High-temperature oxidation behavior of Ti2AlNb alloy with PEO/hBN composite coating at 1000 °C

Abstract

The oxidation resistance of Ti2AlNb alloy is not ideal when the service temperature is higher than 800 °C. In this work, plasma electrolytic oxidation (PEO) coating and PEO/hBN composite coating were prepared and used to improve the high temperature performance of Ti2AlNb alloy. The microstructure and chemical composition of these coatings were systematically analyzed by FESEM, XPS and XRD. Meanwhile, the high temperature oxidation behaviors of bare and coated Ti2AlNb samples at 1000 °C were studied by isothermal oxidation tests. The results showed that the PEO coating was porous and contained rutile-TiO2, anatas-TiO2, Al2O3, a little Nb2O5 and WO3. PEO/hBN composite coating was denser and also had hBN phase in addition to the original components. The bare sample had the biggest oxidation reaction rate constant (K) and poor oxidation resistance. After being oxidized at 1000 °C for 100 h, the mass gain reached to 12.08 mg/cm2, and a multi-layered oxide scale consisting of loose Al2O3 outer layer, R-TiO2 and AlNbO4 mixed oxide layer and oxygen diffuse zone was formed.
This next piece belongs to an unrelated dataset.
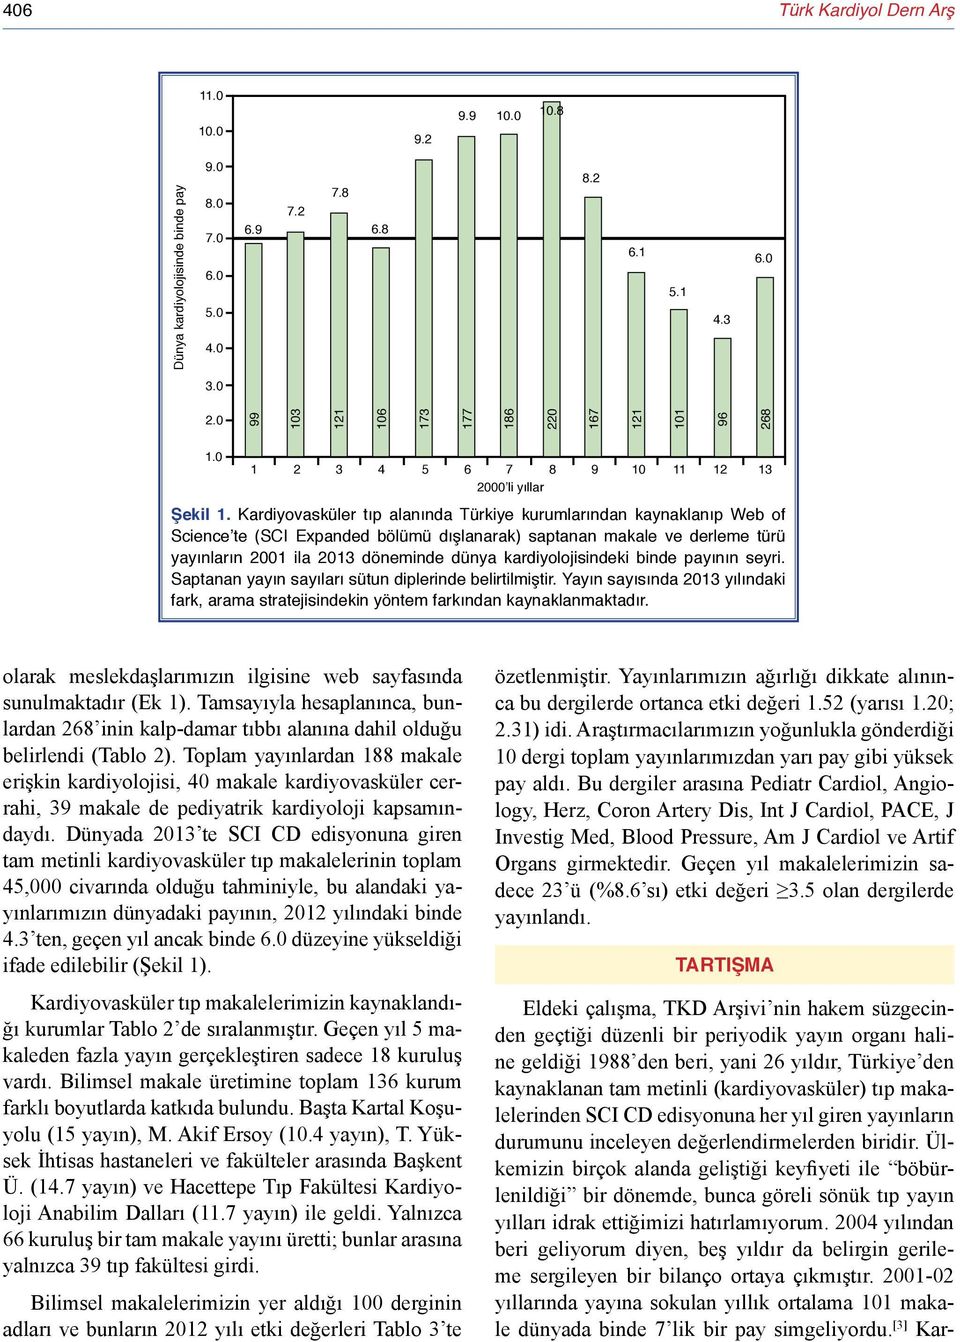 Kardiyovasküler tıp alanında Türkiye kurumlarından kaynaklanıp Web of Science te (SCI Expanded bölümü dışlanarak) saptanan makale ve derleme türü yayınların 2001 ila 2013 döneminde dünya

PEO coating improved the initial oxidation resistance by hindering the diffusion of oxygen, but the coating began to fail after 30 h due to the presence of micro-pores. In contrast, PEO/hBN composite coating had better protection effect against Ti2AlNb matrix. The oxidation kinetic curve of this sample followed the quasi-parabolic law and did not degrade at 1000 °C up to 100 h. The dense coating structure and the filling effect of nitride (AlN, TiN, etc.) formed during high-temperature process on coating defects were considered to be the main reasons for the excellent oxidation resistance of PEO/hBN coatings.